NVIDIA’s new 64GB DGX Spark retains the GB10 Grace Blackwell Superchip, DGX OS and NVIDIA AI software stack of the 128GB configuration. It targets developers who want a dedicated machine for local AI agents without starting with the platform’s larger memory option.
Buyers can expand later. NVIDIA says two 64GB systems can connect through NVIDIA Sync Cluster Assistant, combining their capacity into a 128GB memory pool for larger workloads. A networked cluster, however, is different from one machine containing twice the memory.
The October 2, 2026, forum announcement schedules availability for October 23 from Acer, Dell, Gigabyte, HP and MSI. It does not confirm that those systems are already broadly shipping.
For prospective buyers, the question goes beyond whether 64GB can run an AI model. That capacity needs to fit the model, context length and number of agents they intend to keep running.
A Smaller Memory Option Without a Different Software Platform
The 64GB configuration lowers the starting capacity while keeping the same development environment. According to NVIDIA, it uses the same GB10 chip, operating system and full AI software stack as the 128GB model.
The DGX Spark product page identifies both capacities as coherent unified system memory. Within each system, that memory serves the CPU and GPU. There is no conventional split between system memory and a separate graphics-card memory allocation.
For developers already building around NVIDIA software, continuity is the main attraction. The announcement lists support for NVIDIA Agent Toolkit, CUDA-X AI libraries, Nemotron models and frameworks including Ollama, vLLM and PyTorch with CUDA. Developers choosing the smaller configuration are intended to retain that environment without changing toolchains.
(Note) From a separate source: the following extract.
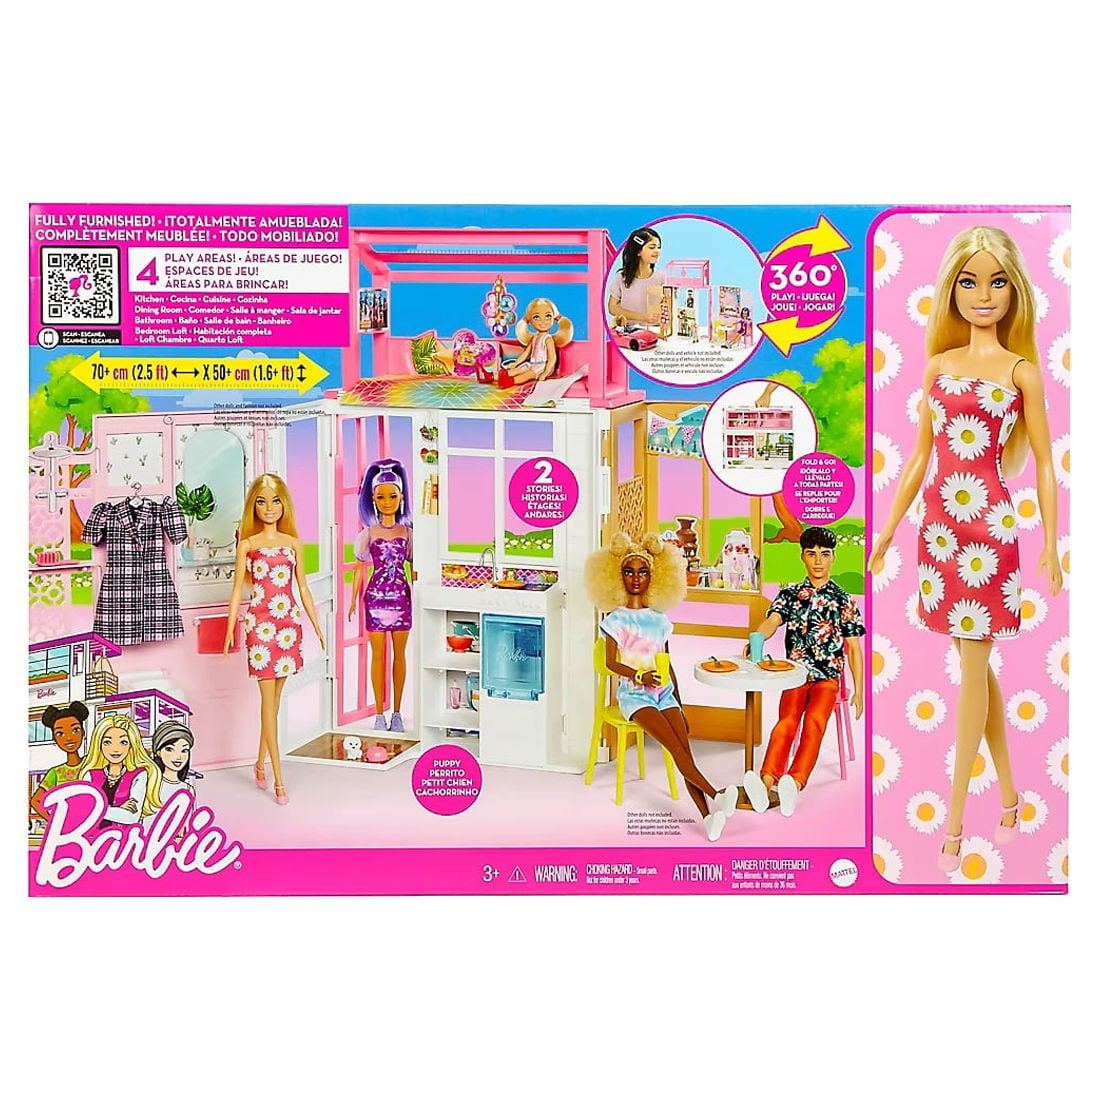 New Barbie Dream House doll house 2020 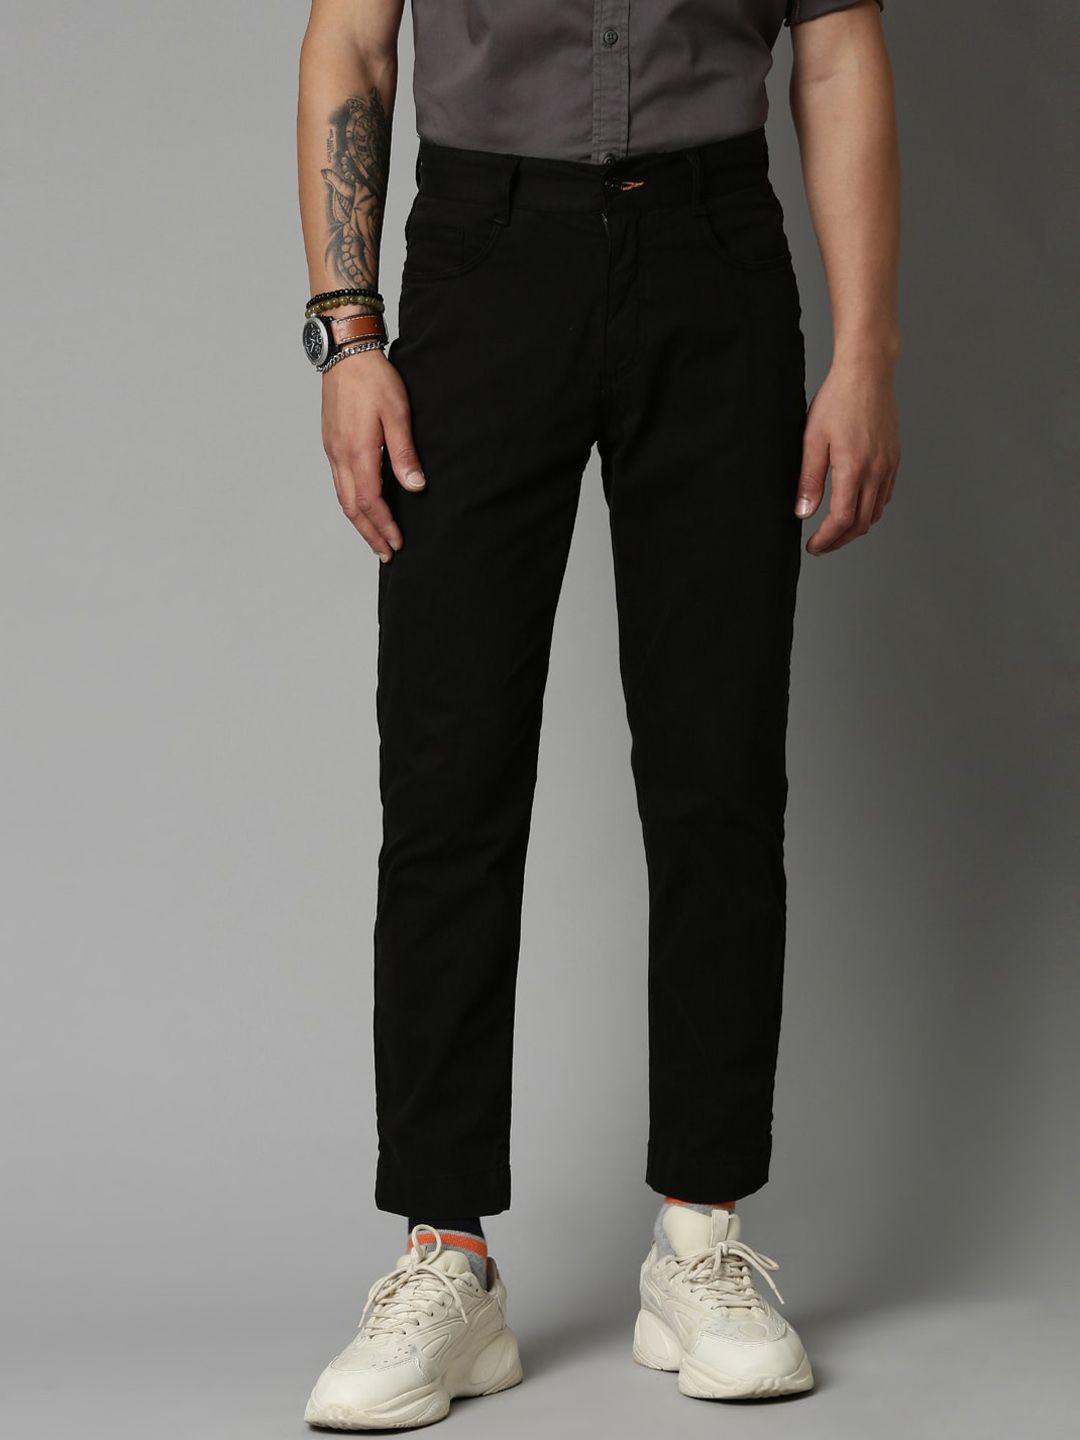 breakbounce men black comfort slim fit chinos trousers

NVIDIA says a single 64GB unit supports models of up to 100 billion parameters. That vendor-stated capacity limit is no promise that every model below that size will run comfortably.
Model precision, runtime overhead, context length and concurrent requests all affect an agent’s memory requirements. A heavily compressed model that fits in memory may leave less room for long conversations or several agents than its parameter count suggests.
The right buyer is someone with a reasonably defined workload: a coding assistant, document-analysis agent or local application whose chosen model and operating requirements fit within 64GB. Developers who already know they need substantially more capacity should evaluate the larger configuration or a cluster from the outset.